Network ranking decisions are usually influenced by site-specific conditions and requirements. Although interfaces connected to the fastest network in a cluster are often given preferential ranking, raw network bandwidth is only one consideration. For example, an administrator might decide to dedicate one network that offers very low latency, but not the fastest bandwidth to all cluster intra-cluster communication and use a higher-capacity network for connecting the cluster to other systems.

MTU Attribute

This is a placeholder column. Its contents are not used at this time.

Stripe Attribute

Sun HPC ClusterTools 3.0 software supports scalable communication between cluster nodes through striping of MPI messages over SCI interfaces. In striped communication, a message is split into smaller packets and transmitted in two or more parallel streams over a set of network interfaces that have been logically combined into a stripe-group.

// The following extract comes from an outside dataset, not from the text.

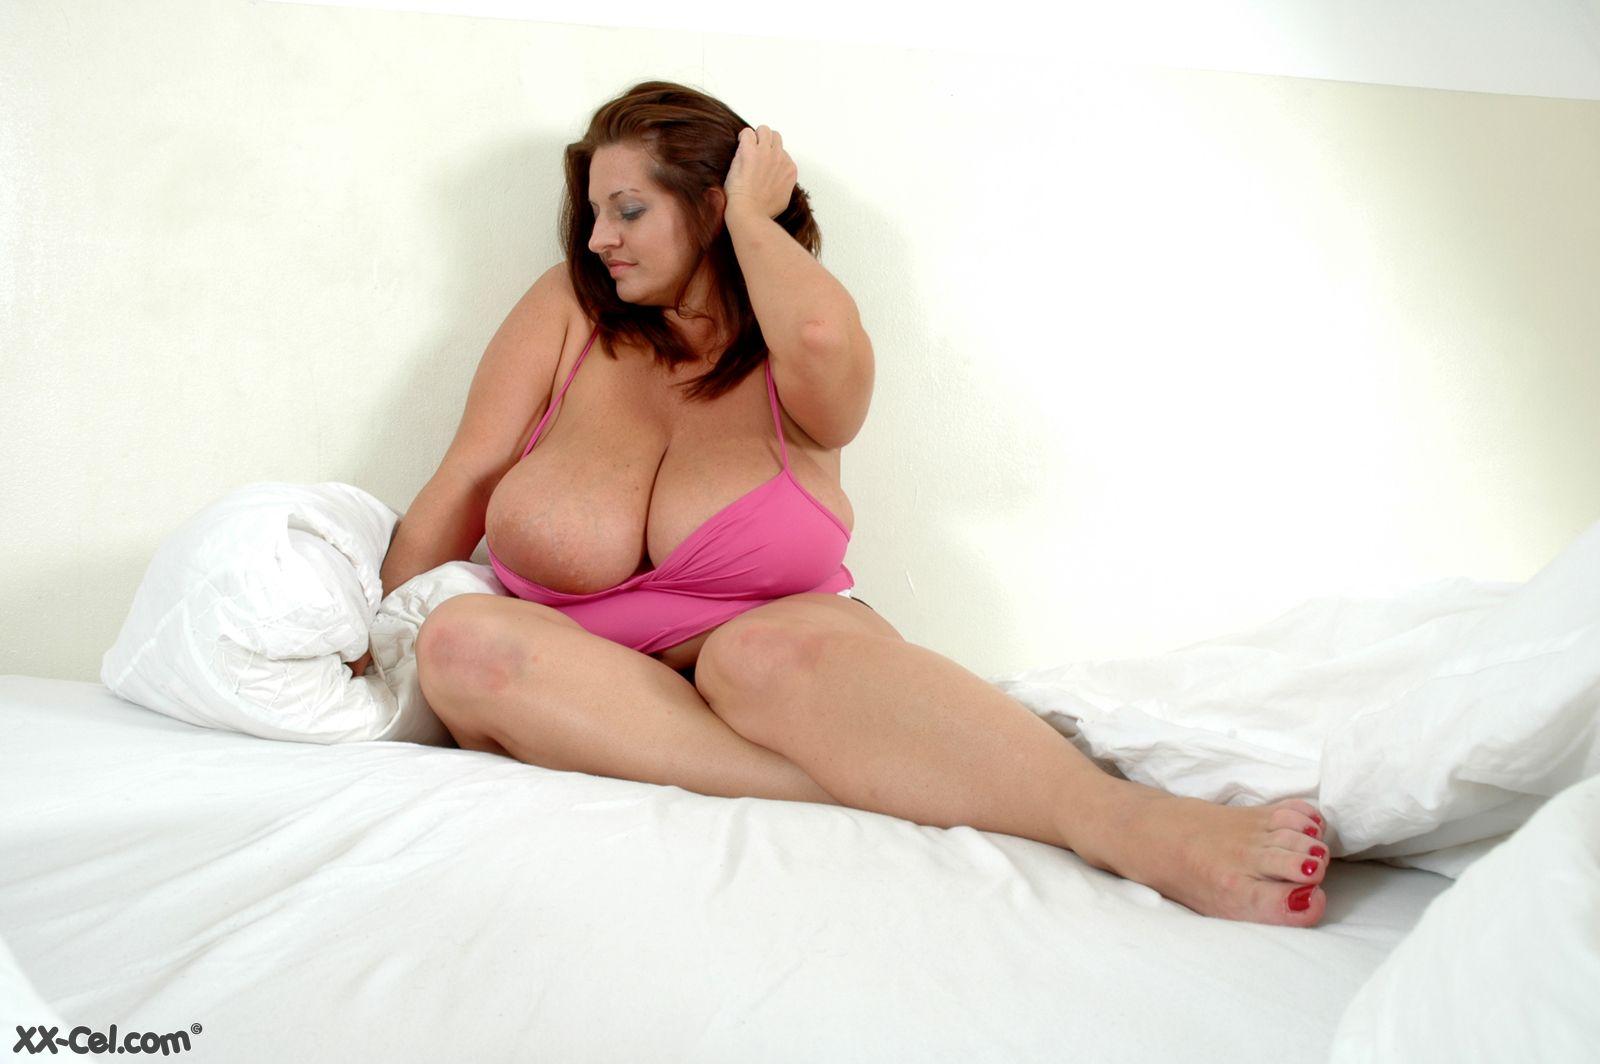 gifs boobs squeeze sex hard porn

The STRIPE column allows the administrator to include individual SCI network interfaces in a stripe-group pool. Members of this pool are available to be included in logical stripe groups. These stripe groups are formed on an as-needed basis, selecting interfaces from this stripe-group pool.

To include the SCI interface in a stripe-group pool, set its STRIPE value to 1. To exclude an interface from the pool, specify 0. Up to four SCI network interface cards per node can be configured for stripe-group membership.

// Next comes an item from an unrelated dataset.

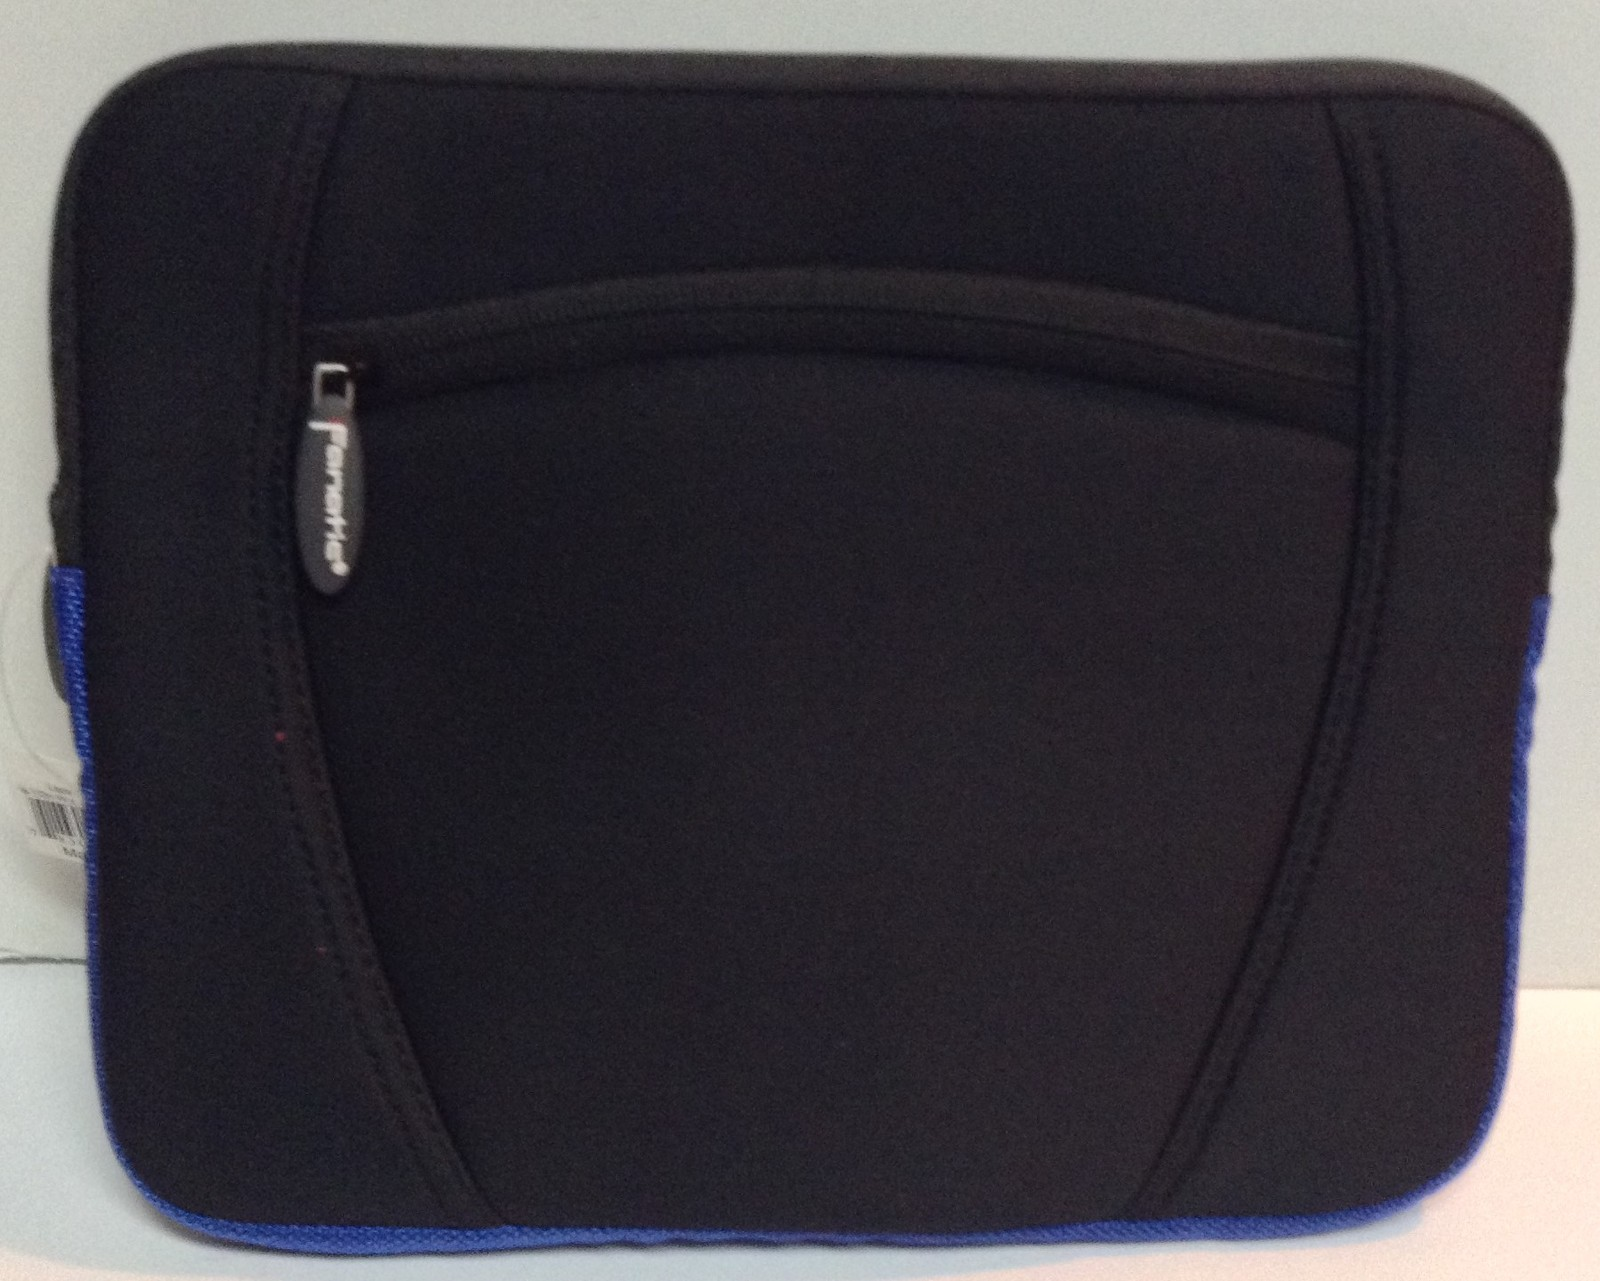 Kansas State University Jayhawks Tablet Ipad Protection Case by Fanatic NWT

When a message is submitted for transmission over the SCI network, an MPI protocol module distributes the message over as many SCI network interfaces as are available.

Stripe-group membership is made optional so you can reserve some SCI network bandwidth for non-striped use. To do so, simply set STRIPE = 0 on the SCI network interface(s) you wish to reserve in this way.

Protocol Attribute

This column identifies the communication protocol used by the interface. The scirsm interface employs the RSM (Remote Shared Memory) protocol. The others all use TCP (Transmission Control Protocol).

Latency Attribute

This is a placeholder column. Its contents are not used at this time.

Bandwidth Attribute

This is a placeholder column. Its contents are not used at this time.

`MPIOptions` Section

Overview

This section provides a set of options that control MPI communication behavior in ways that are likely to affect message-passing performance. It contains two templates with predefined option settings. These templates are shown in Example 7-4 and discussed below.

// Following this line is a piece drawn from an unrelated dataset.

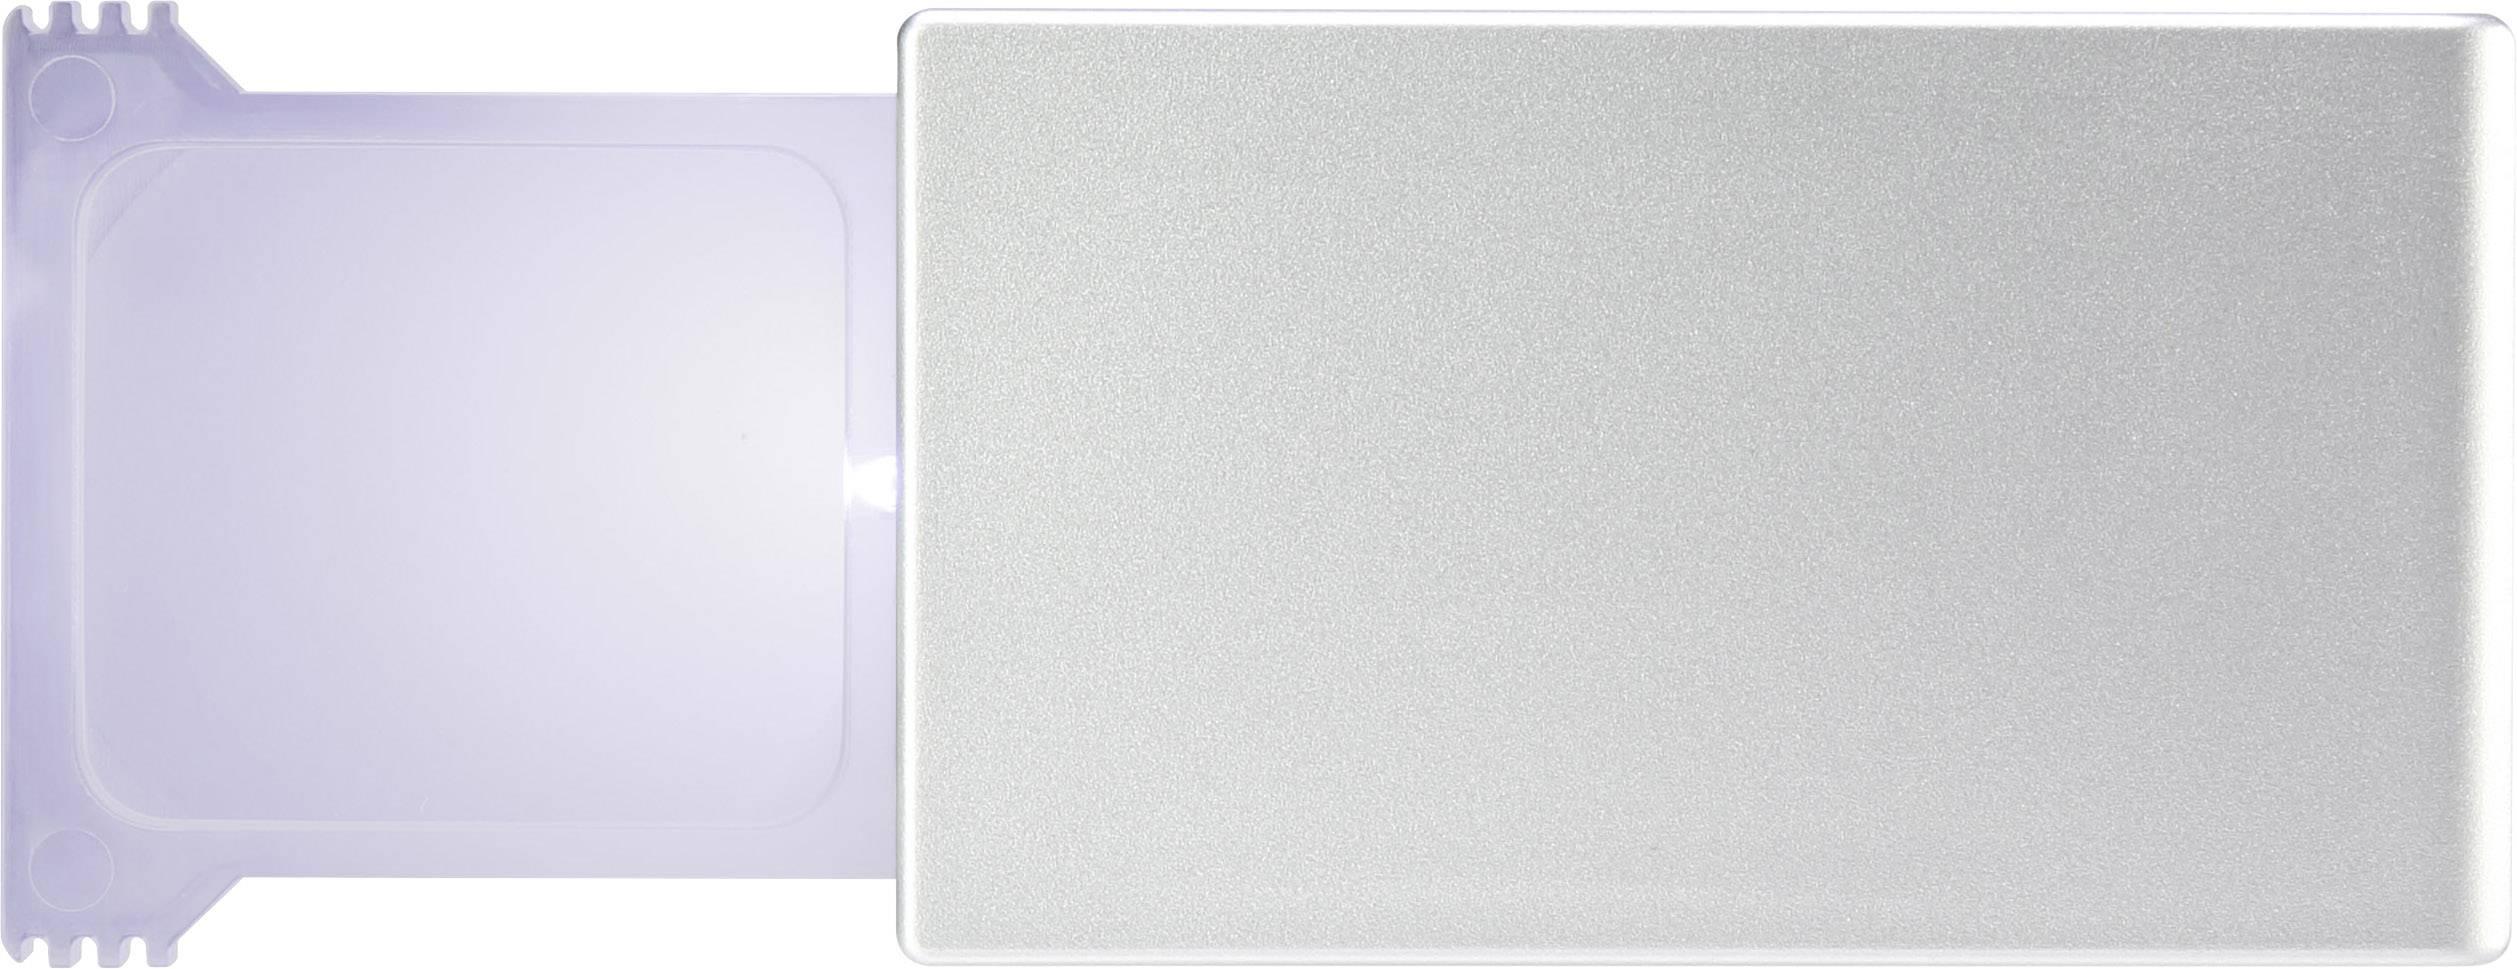 LED posuvný lupa 2x 44 x 39 mm TOOLCRAFT 1457115 2 x

General-Purpose, Multiuser Template - The first template in the MPIOptions section is designed for general-purpose use at times when multiple message-passing jobs will be running concurrently.

Performance Template - The second template is designed to maximize the performance of message-passing jobs when only one job is allowed to run at a time.

Note -

The first line of each template contains the phrase "Queue=xxxx." This is because the queue-based LSF workload management runtime environment uses the same hpc.conf file as the CRE.

The options in the general-purpose template are the same as the default settings for the Sun MPI library. In other words, you do not have to uncomment the general-purpose template to have its option values be in effect. This template is provided in the MPIOptions section so you can see what options are most beneficial when operating in a multiuser mode.

If you want to use the performance template, do the following:

Delete the "Queue=performance" phrase from the Begin MPIOptions line.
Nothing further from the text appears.